This weekend, we will celebrate the birth of a nation. On July 4, 1776, a coalition of colonies came together to declare their independence from a monarchy that understood the existence of the colonies as a supplier of the needs and desires of the empire with little concern about the welfare of the colonists. The foundation of this belief of rights and dignity for all was firmly rooted in the divine mandate that the Creator has endowed all of humanity with the right to life, liberty and the pursuit of happiness. In many ways, it reminds me of present situations where we too often view the purpose of other nations as a supplier of oil, cheap goods and labor for a western empire of first world nations and corporate profit. In our celebrations of a day of great courage, it might be a wise course to consider the possibility of a declaration of independence from those who serve this new western empire delineated not by national boundaries but profit and loss reports. Such a perspective might serve to draw criticism as a preacher or a church involves itself in affairs of politics, finance or some other arena in which it is presently unwelcomed. One criticism I often hear is, “Get your own house in order before you begin criticizing someone else.” It is a valid issue. How can the Church urge nations and ethnic groups to work toward peace and unity when we ourselves remain divided and at intellectual war with each other?

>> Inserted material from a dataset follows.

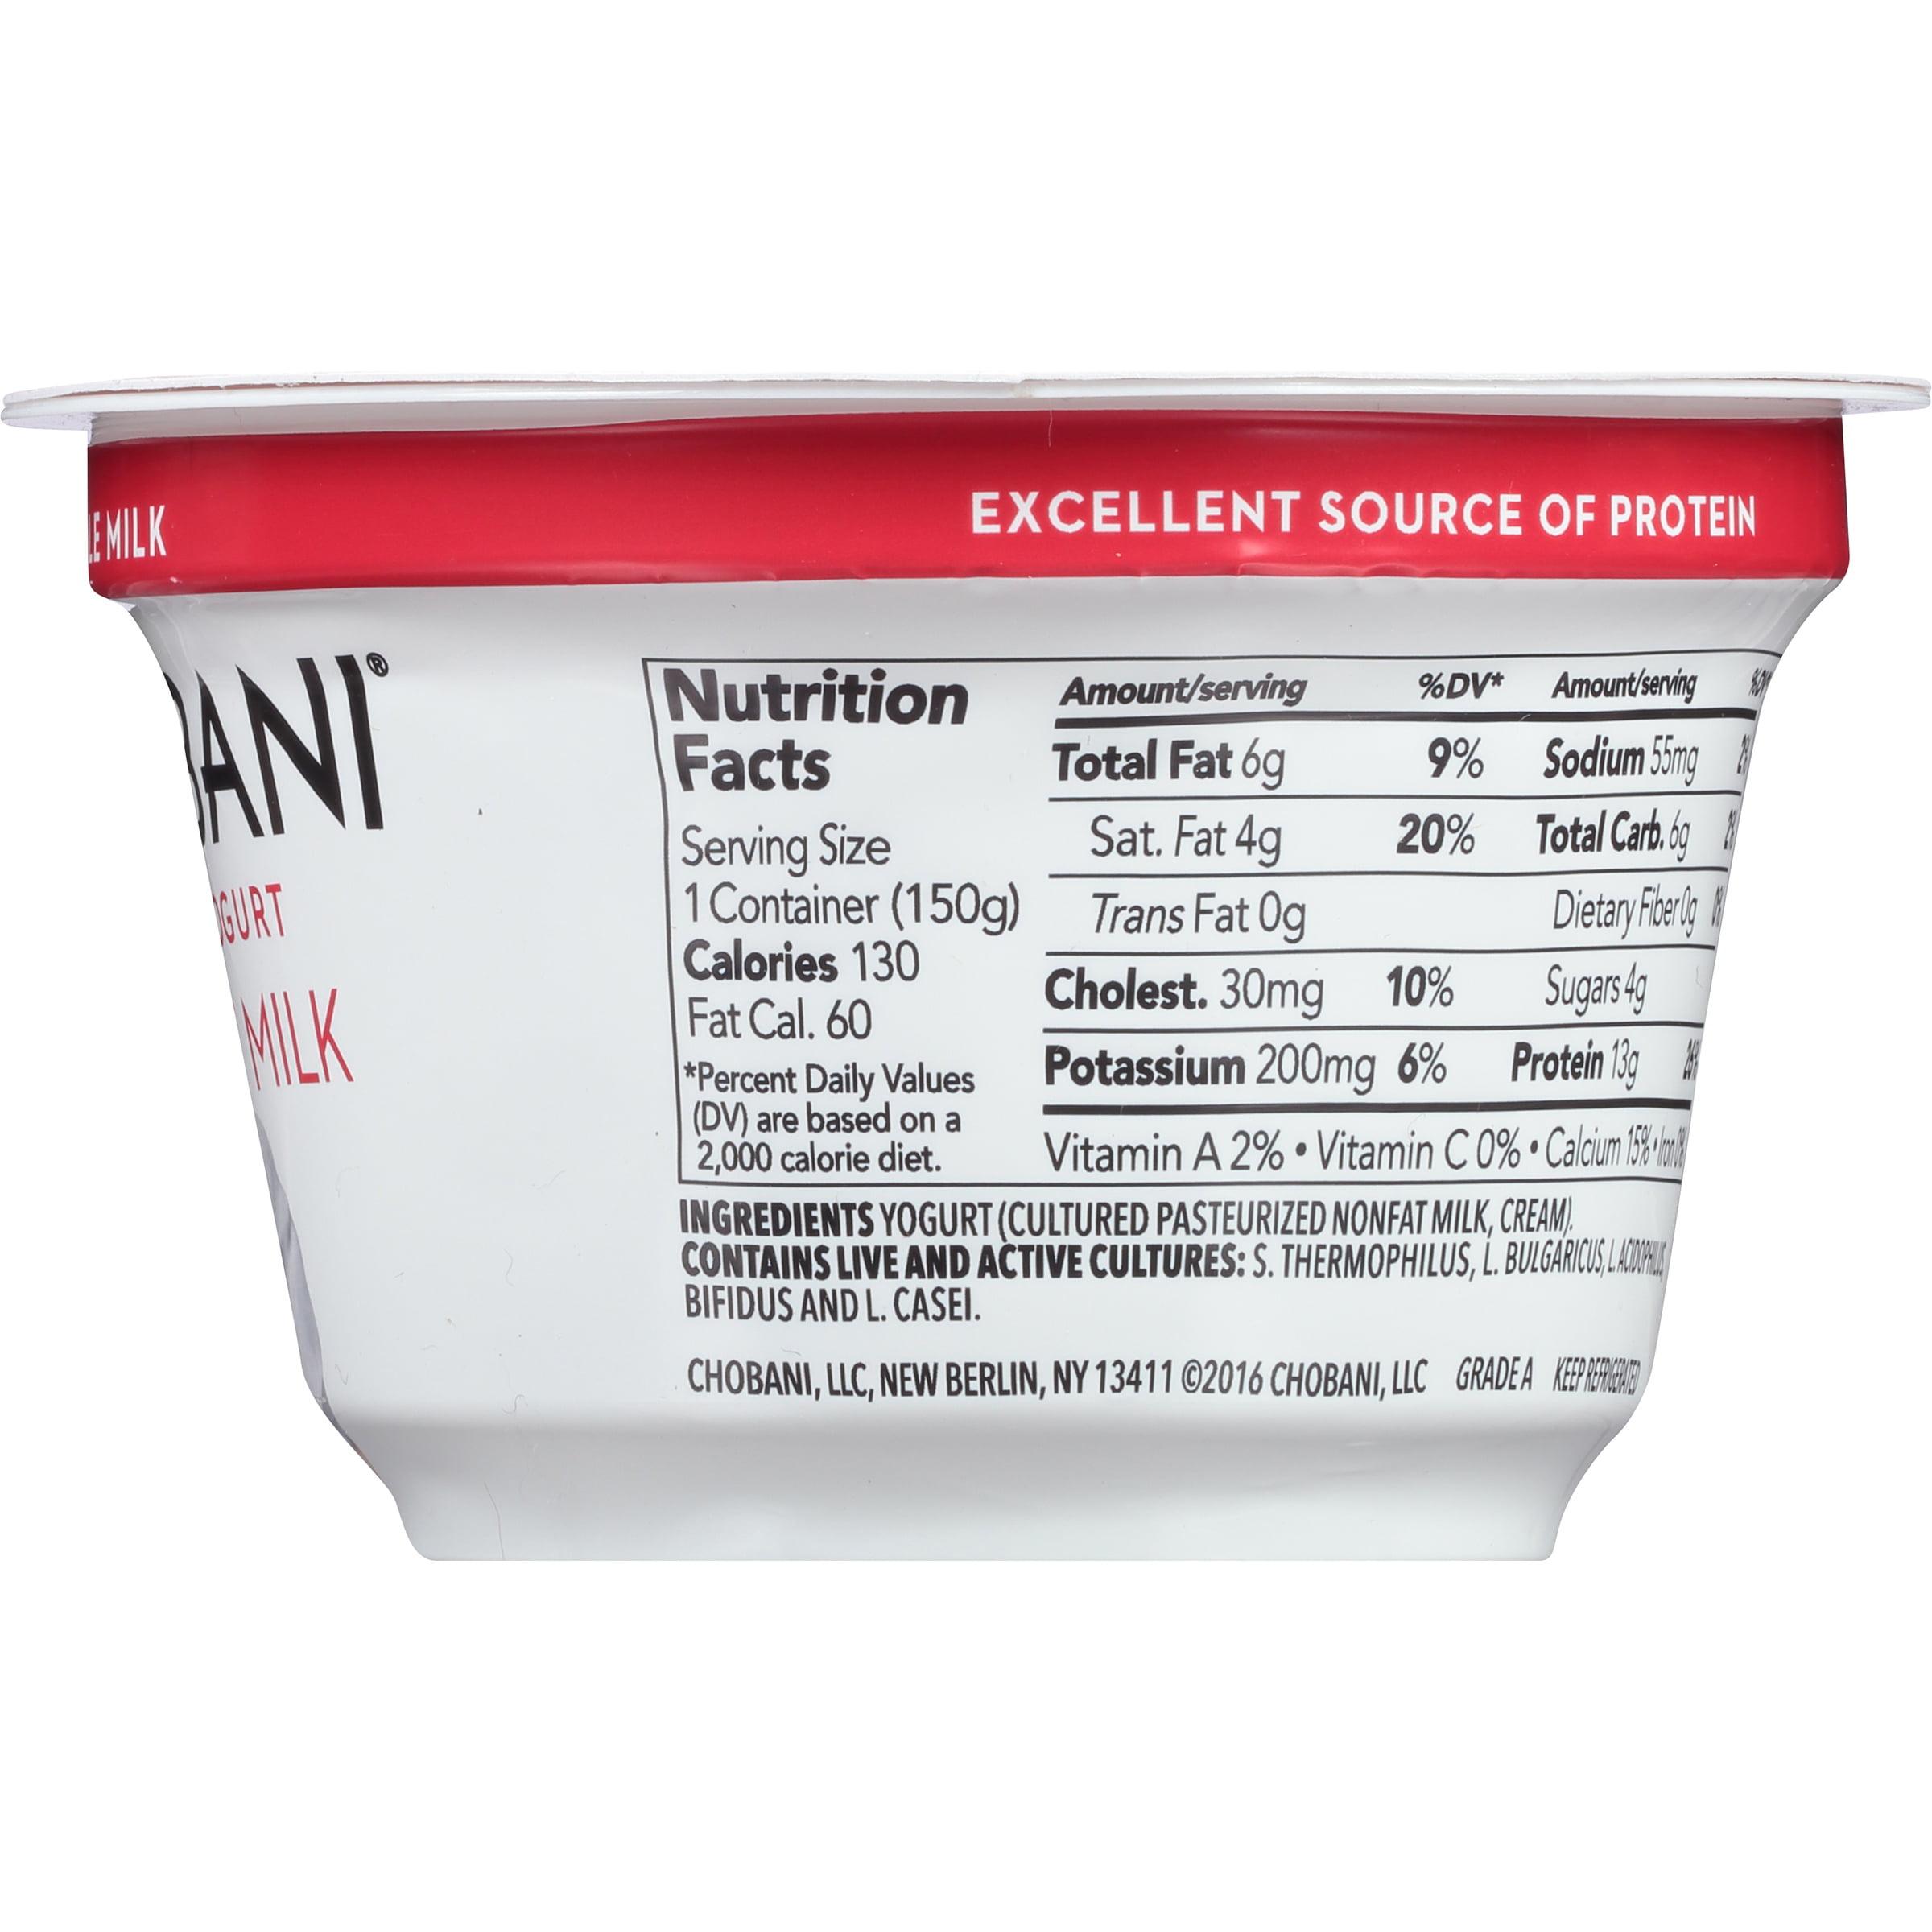 Chobani Nutrition Label – Besto Blog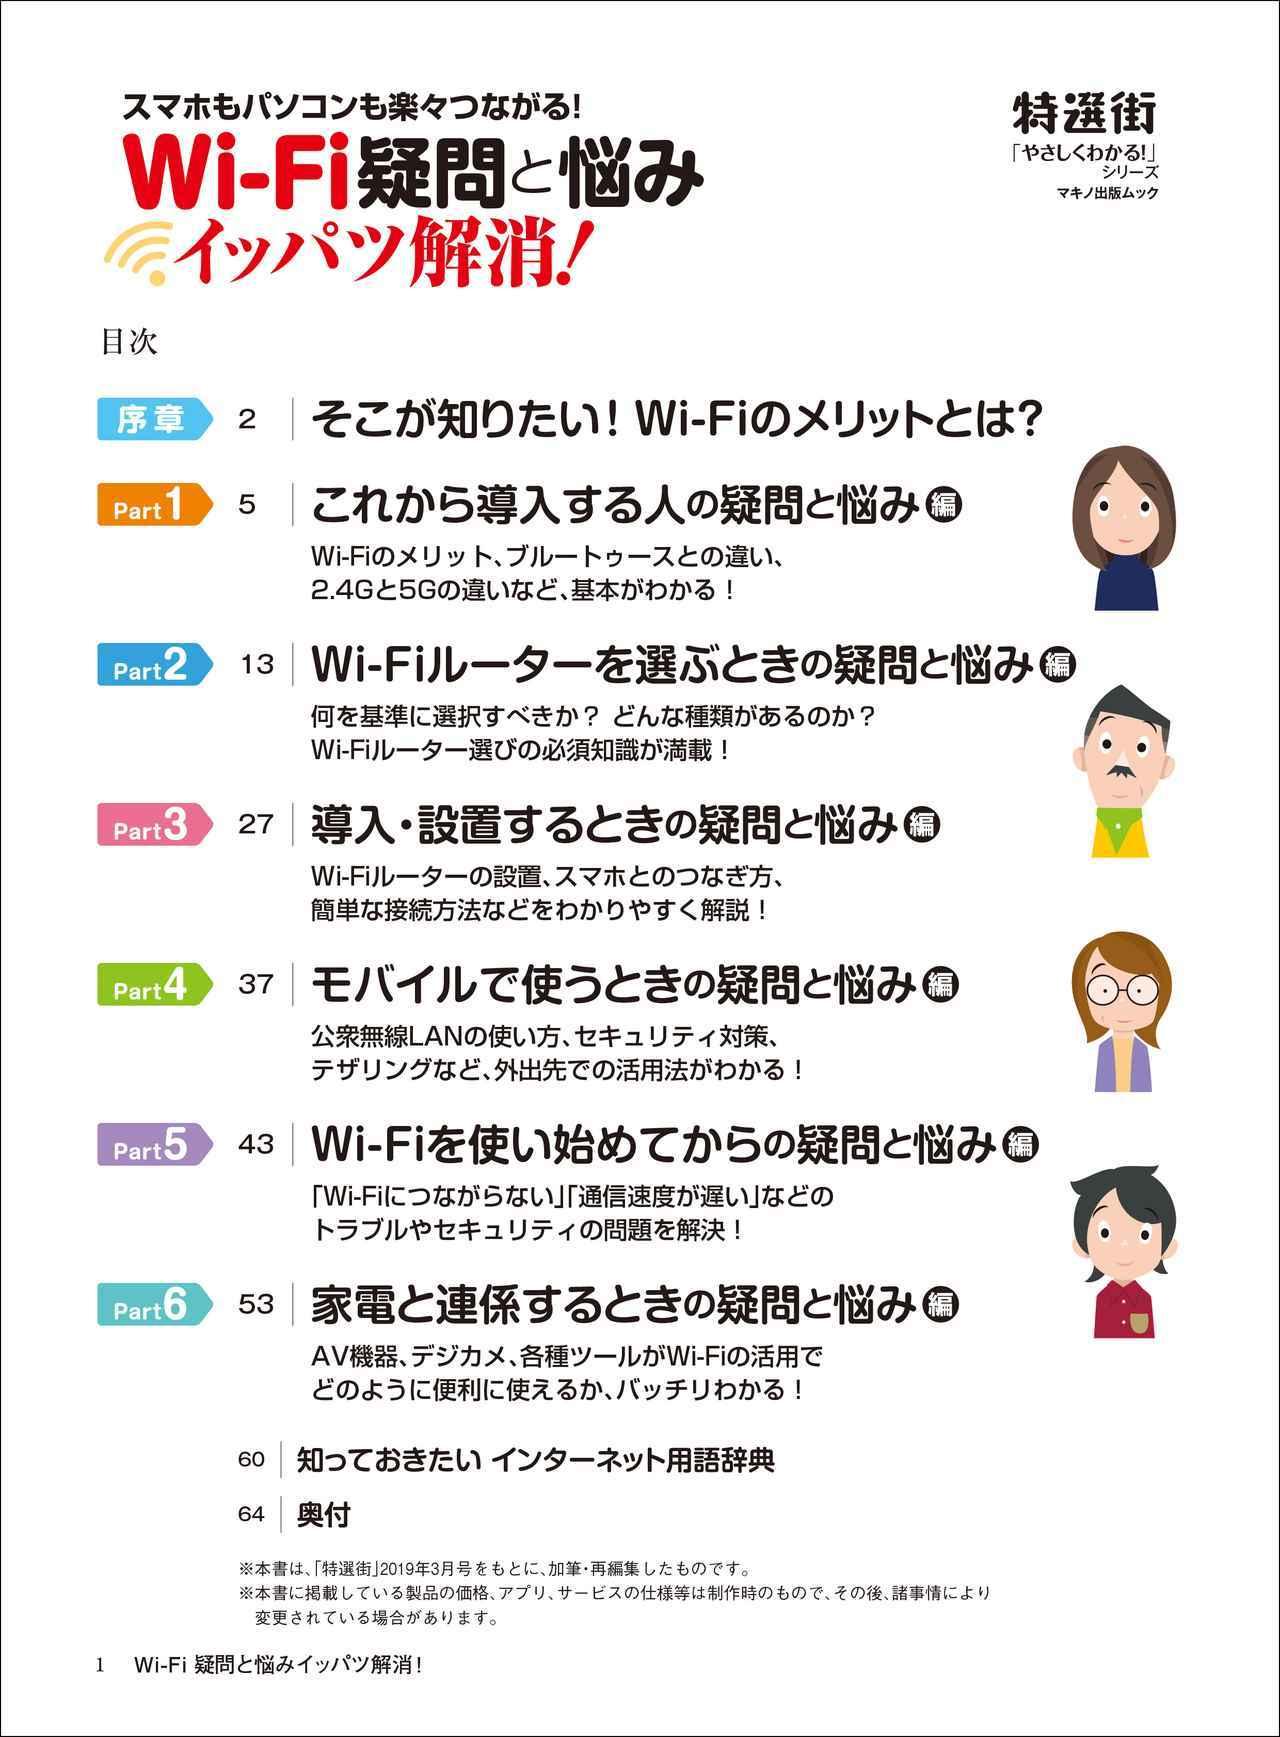 画像: 『特選街』特別編集「やさしくわかる!」シリーズ 『Wi-Fi疑問と悩みイッパツ解消!』本日発売!

I have always appreciated the insight of Michael Kinnamon, a Disciple of Christ ecumenist and scholar, when he proposed that the church is not divided, rather, the church has failed to recognize the unity God has already given the Body of Christ. Philosophically, I couldn’t agree more. However, practically, we know we have much work still left to do, whether it is in an effort to recognize our unity or repent from our practical division. One of the founders of the Christian Church (Disciples of Christ), Alexander Campbell, proposed that the failure to redress inequity among nations or ethnic groups with a commitment to peace fragments the Church and disgraces its Lord. The underlying assumption is staggering. A fragmented Church disgraces the Lord? Yes.
The Church is called to be a sign of the state of peace and wholeness to which God has called all of creation. Alexander Campbell wrote, “the beatitudes of Christ are not pronounced on patriots, heroes, and conquerors, bit on ‘peacemakers’ on whom is conferred the highest rank and title in the universe: ‘Blessed are the peacemakers, for they shall be called the [children] of God.’”
I am a citizen of the Kingdom of God. I am a citizen of the United States of America. I am a Christian American. I will always declare that because of the Creator’s sovereign will, the vision of this nation and the benefits of a democratic republic are worth celebrating. Can we, with authority, proclaim to a hyper individualistic culture that believes the Church is merely a gathering of individuals and not a manifestation of the Body of Christ, that to continue divided disgraces Christ? As a Christian, we must.
Celebrate the birth of a nation this weekend. Celebrate the near universal recognition of human rights that served to move a nation through conflict and into a vision for peace and justice for all of creation. Covenant to not only philosophically recognize the unity of Church but to pragmatically work toward it, not just so that we may speak to the world with authority but that Christ will be glorified.